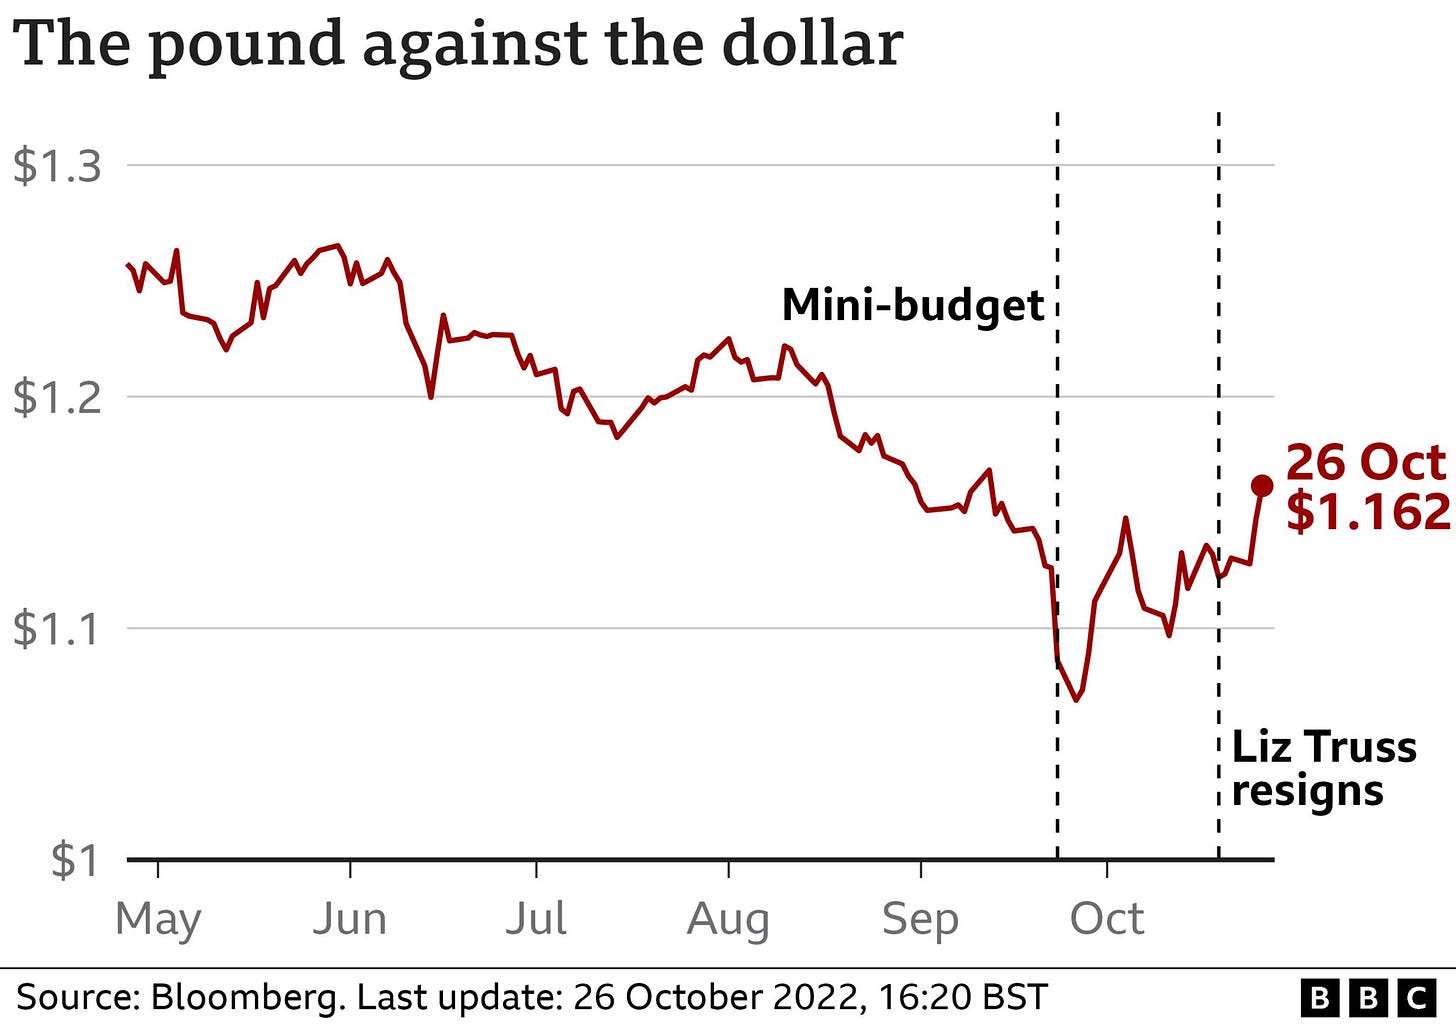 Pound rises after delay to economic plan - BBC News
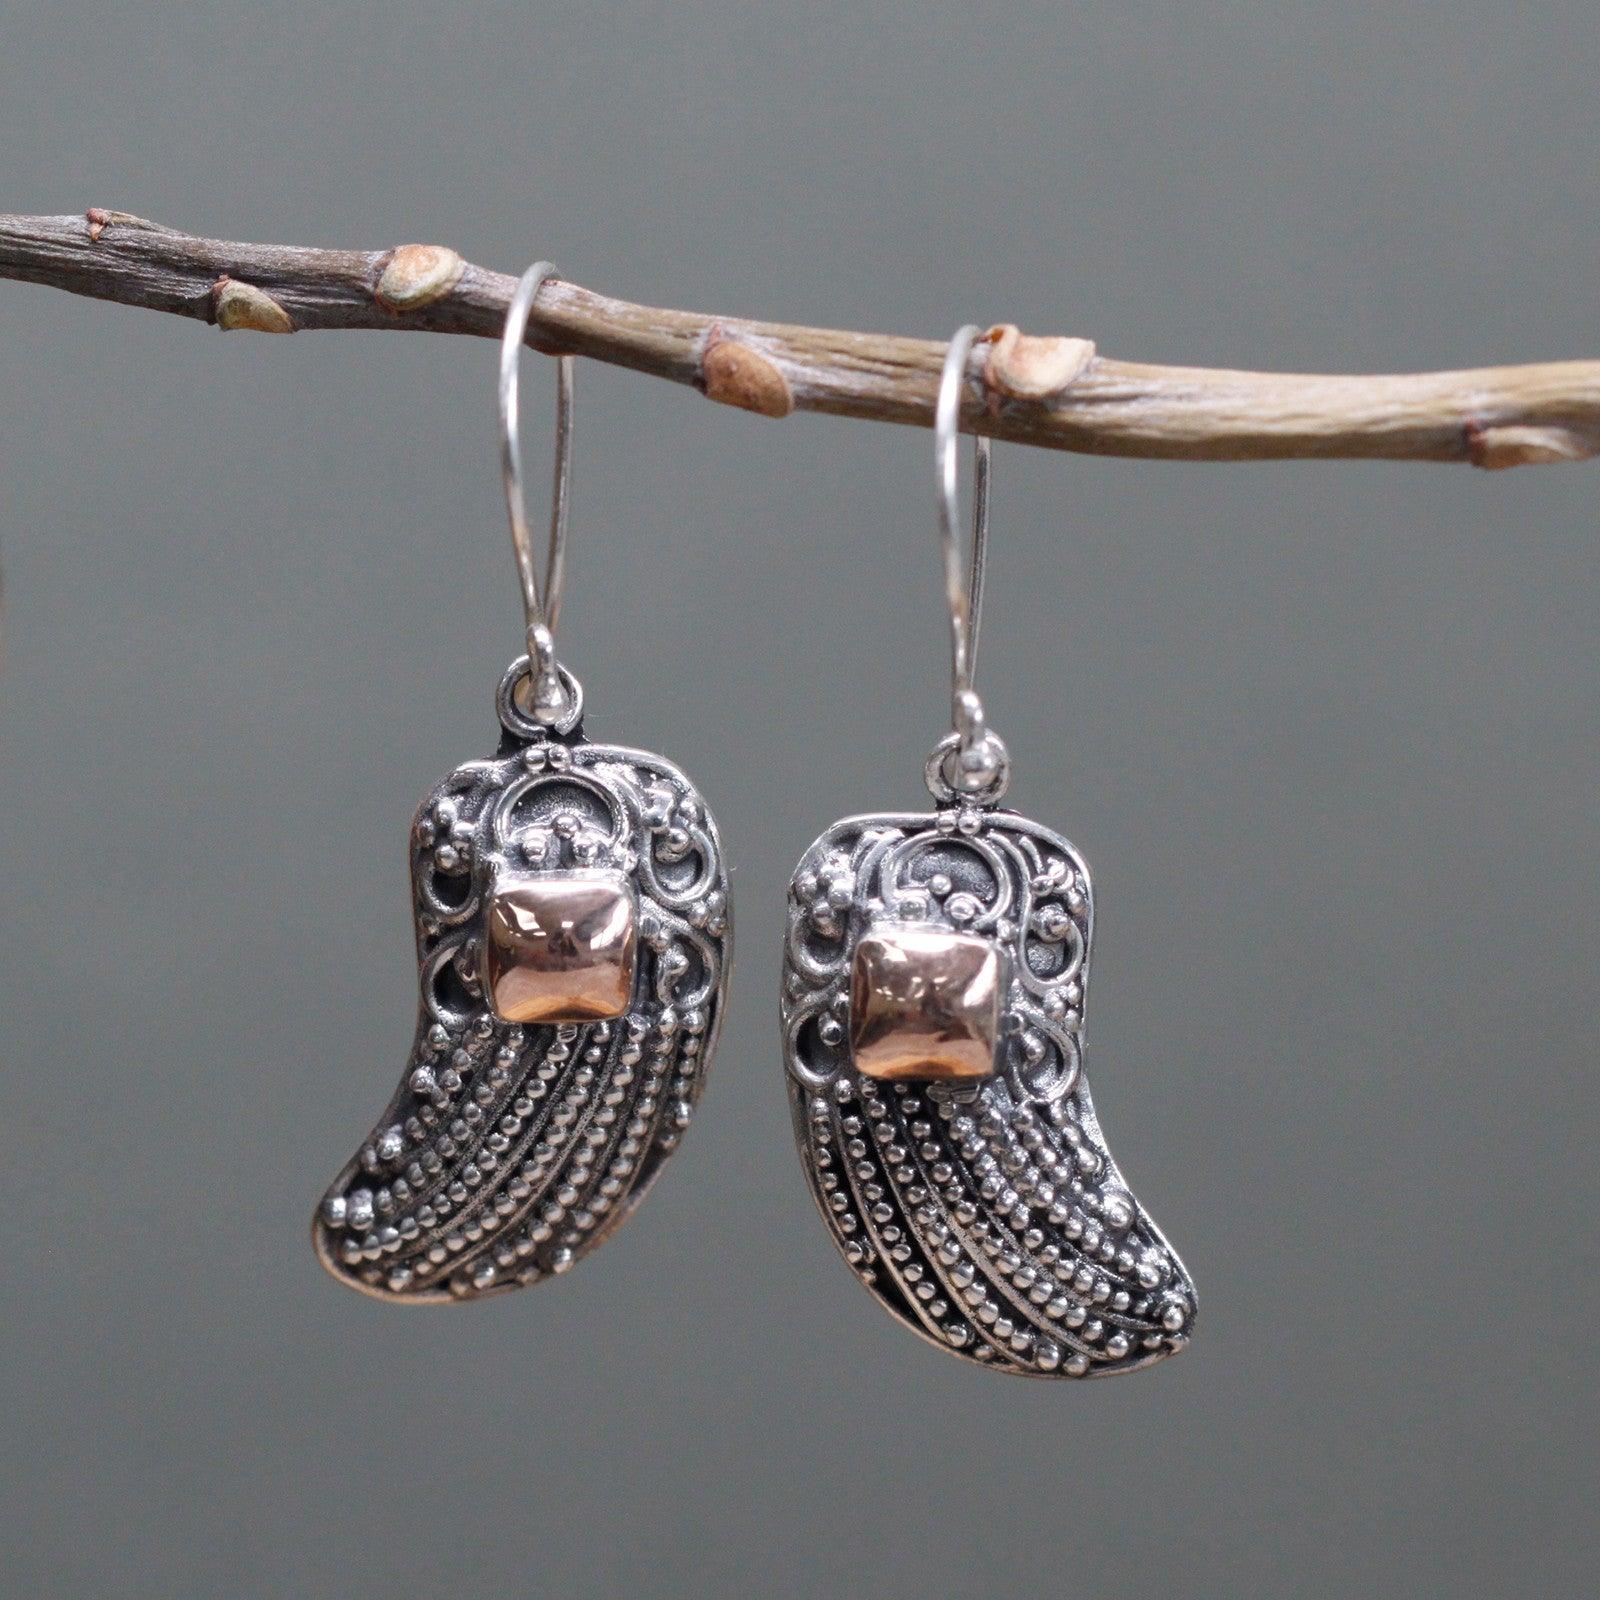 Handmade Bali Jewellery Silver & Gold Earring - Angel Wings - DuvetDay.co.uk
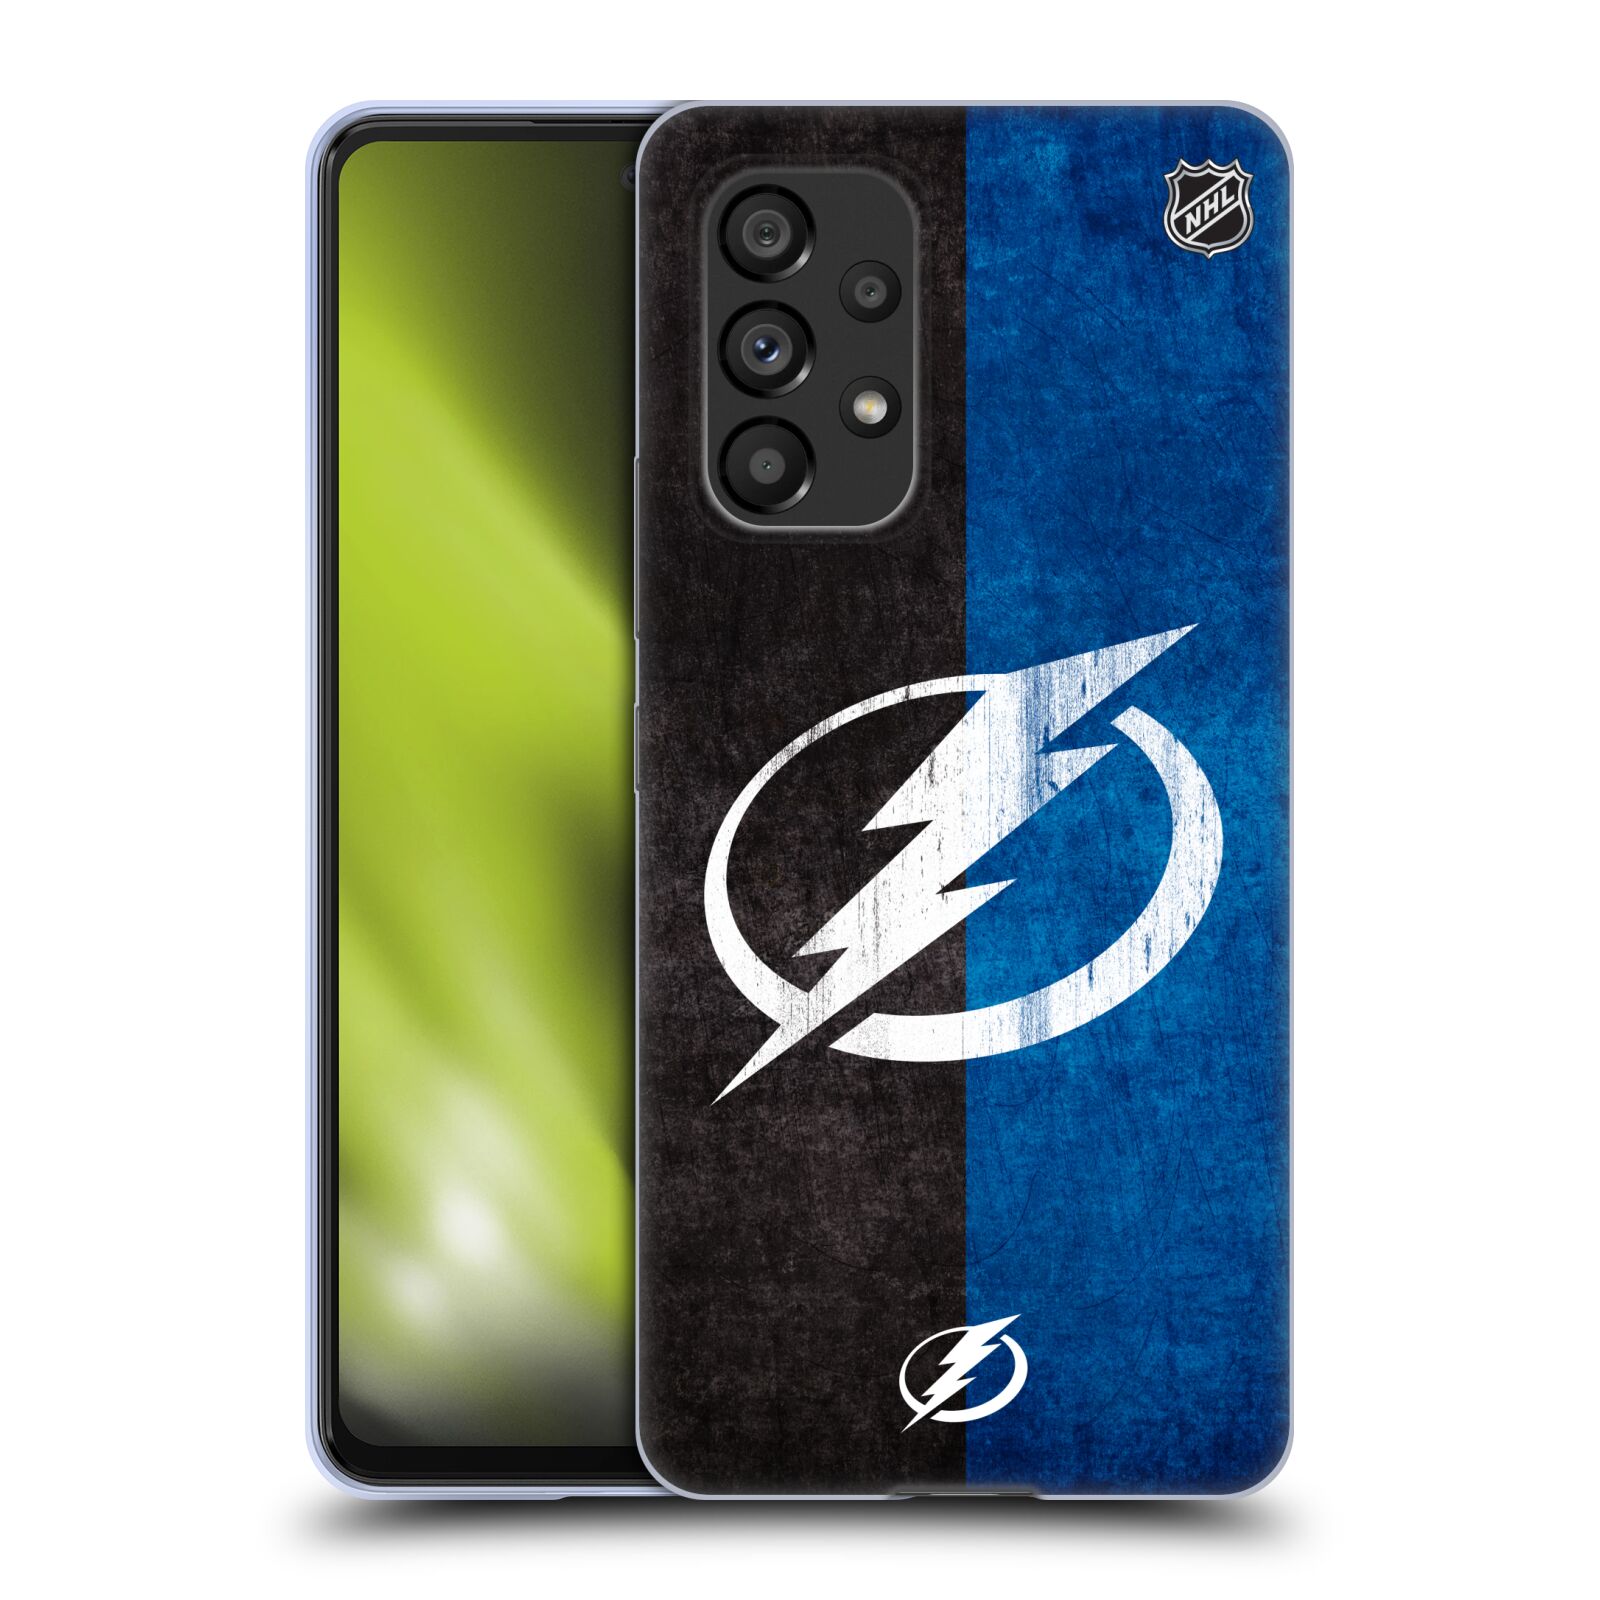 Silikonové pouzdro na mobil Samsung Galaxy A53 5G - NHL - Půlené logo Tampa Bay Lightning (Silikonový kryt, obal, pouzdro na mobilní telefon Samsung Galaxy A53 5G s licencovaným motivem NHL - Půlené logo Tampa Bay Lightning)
-----
§ Problem statement
Your task is to repeat only the lines from the line containing "Handmade Bali Jewellery" through the final line of the material, inclusive; do not include pictures.

§ Exercise response
 Handmade Bali Jewellery Silver & Gold Earring - Angel Wings - DuvetDay.co.uk
 Silikonové pouzdro na mobil Samsung Galaxy A53 5G - NHL - Půlené logo Tampa Bay Lightning (Silikonový kryt, obal, pouzdro na mobilní telefon Samsung Galaxy A53 5G s licencovaným motivem NHL - Půlené logo Tampa Bay Lightning)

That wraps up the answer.